LISZT: Piano Sonata in B Minor; Mazeppa; Mephisto Waltz – Felix Ardanaz, piano – Orpheus

by | Mar 26, 2015 | Classical CD Reviews

LISZT: Piano Sonata in B Minor; Mazeppa; Mephisto Waltz – Felix Ardanaz, piano – Orpheus OR 3906-1828, 50:30 (6/7/14) *****:

Among the last pupils of Alicia de Larrocha, Spanish virtuoso Felix Ardanaz (b. 1989) addresses the titanic solo pieces of Franz Liszt (rec. 16-17 September 2010) with grand style.  Ardanaz manages to convey in the 1853 B Minor Sonata both the epic passions and tumultuous energies in the Faust tale, but no less the suavely sculptured tenderness – Quasi Adagio – that infiltrates the score with an eros that would appeal to such a kindred spirit as Scriabin. The sheer flexibility of the Ardanaz trill warrants a hearing, besides the manic thunder of the transitions and the insistence on the pedal Ds in the bass. The music’s eventual move to Liszt’s favorite “spiritual” (Andante sostenuto) key of F-sharp Major proves the “point” of the spiritual journey, as the music evolves from a ground motif that assumes the permutations Liszt learned from his absorption of scores from Beethoven and Schubert. His realization of the Grandioso version of the theme quite sweeps us away, as vocal as it is dramatic. The fugal section, Allegro energico, combines Bach counterpoint with Liszt’s ironic stretti, in lovely, articulately clear definition, culminating a towering Piu mosso expression of the main theme. The Prestissimo section simply staggers the ear. Ardanaz renews our own convictions that the Liszt Sonata embodies one of the wonders of Romantic repertory.

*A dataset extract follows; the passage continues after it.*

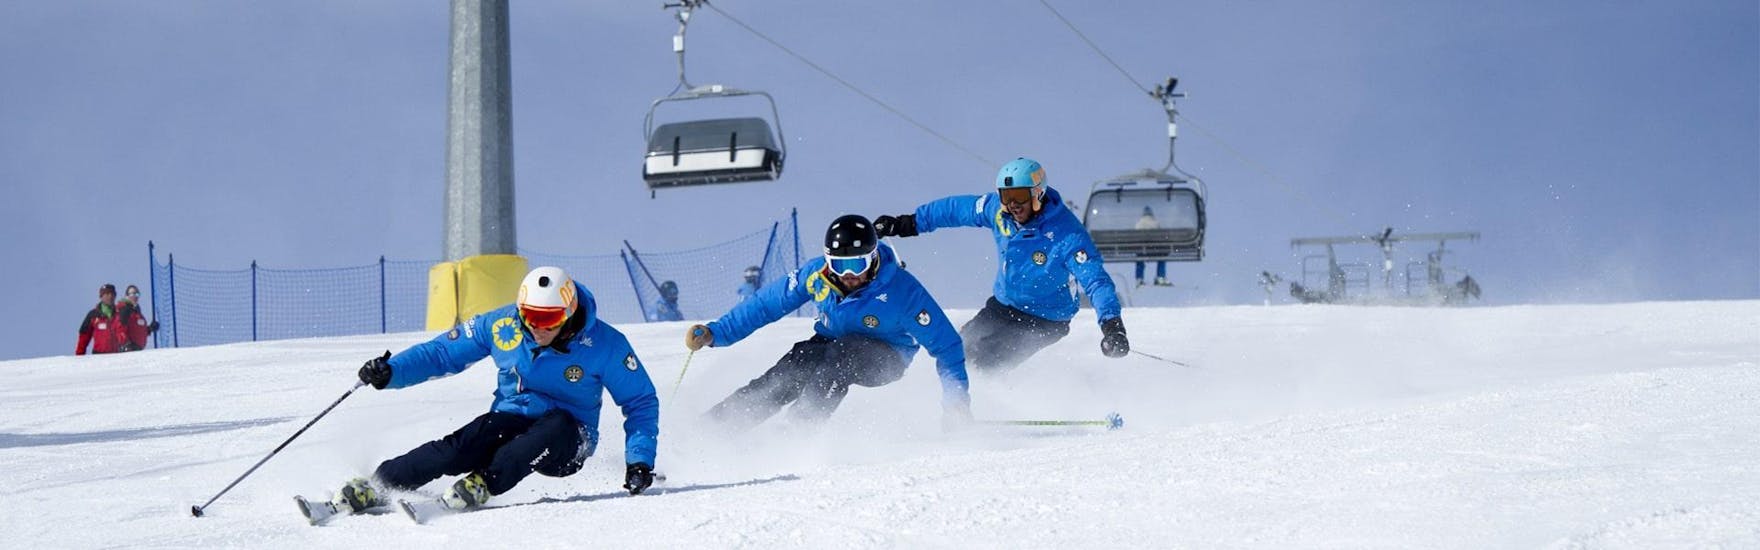 Drie skiërs dalen van de piste af dankzij de technieken die zij geleerd hebben tijdens de Privé Skilessen voor Volwassenen - Alle Niveaus bij de skischool Scuola di Sci Azzurra Livigno.
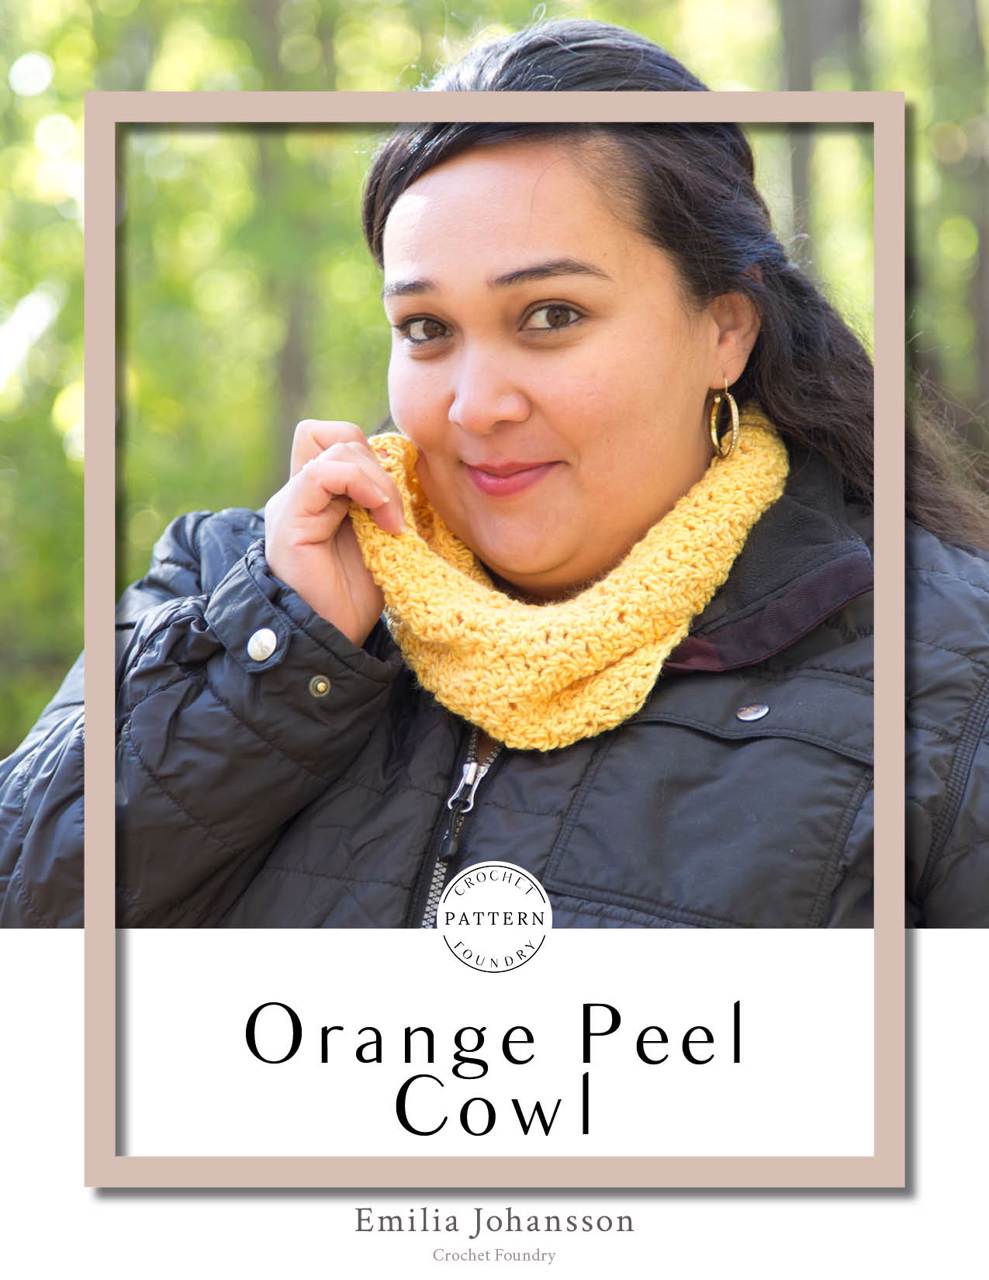 Orange Peel Cowl Crochet PDF Pattern by Emilia Johansson

I first heard the Transcendental Etude No. 4 in D minor “Mazeppa” in a transferred historic performance of Moritz Rosenthal. The musical portrait of the Cossack hero lashed to a horse’s back for having had an affair with Countess Theresa, originally depicted in literature by Lord Byron, conveys staggering power in Liszt. The thundering of the horse’s hooves, staccatissimo, test the dexterity and endurance of the index and fourth fingers, which must compete with thirds and octaves in massive leaps. The mass of Ardanaz’s chromatic scales, interrupted by more liquid arpeggios, certainly rivals, for sheer magnitude of sonic propulsion, anything we know from prior performances by Cziffra and Bolet. The Allegro deciso section bursts with hectic, massive energy. The finale indulges Liszt’s innate sense of the grandiloquent as Mazeppa experiences an apotheosis, falling and then rising into glory.

The pungent fifths that open the Mephisto Waltz No. 1 prove mother’s milk to Ardanaz, who takes the succeeding hurdles of octaves and explosive leaps at a wildly single bound.  Mephisto seizes a fiddle from a lethargic practitioner at a village inn and invokes a sensual waltz for Faust and Gretchen. The lilting passion in digital dialogue that follows conveys the mounting tension and subsequent consummation of the lovers, whose embrace signifies the capture of Faust’s immortal soul. Ardanaz relishes every chord and trill that embellish the wild dance, sweet nightingale’s song, and feverish culmination of the Goethe epic by way of Nikolaus Lenau. Ardanaz takes the final pages to a thrilling climax, culminating in broken chords and waves of percussive octaves, the “voluptuous waves of love,” according to the poet. The keyboard sound of the Ardanaz Steinway D literally shimmers in “orchestral” effects, courtesy of recording engineer Juanan Ros. We don’t realize the performance has been “live” until the audience sails into ecstatic convulsions.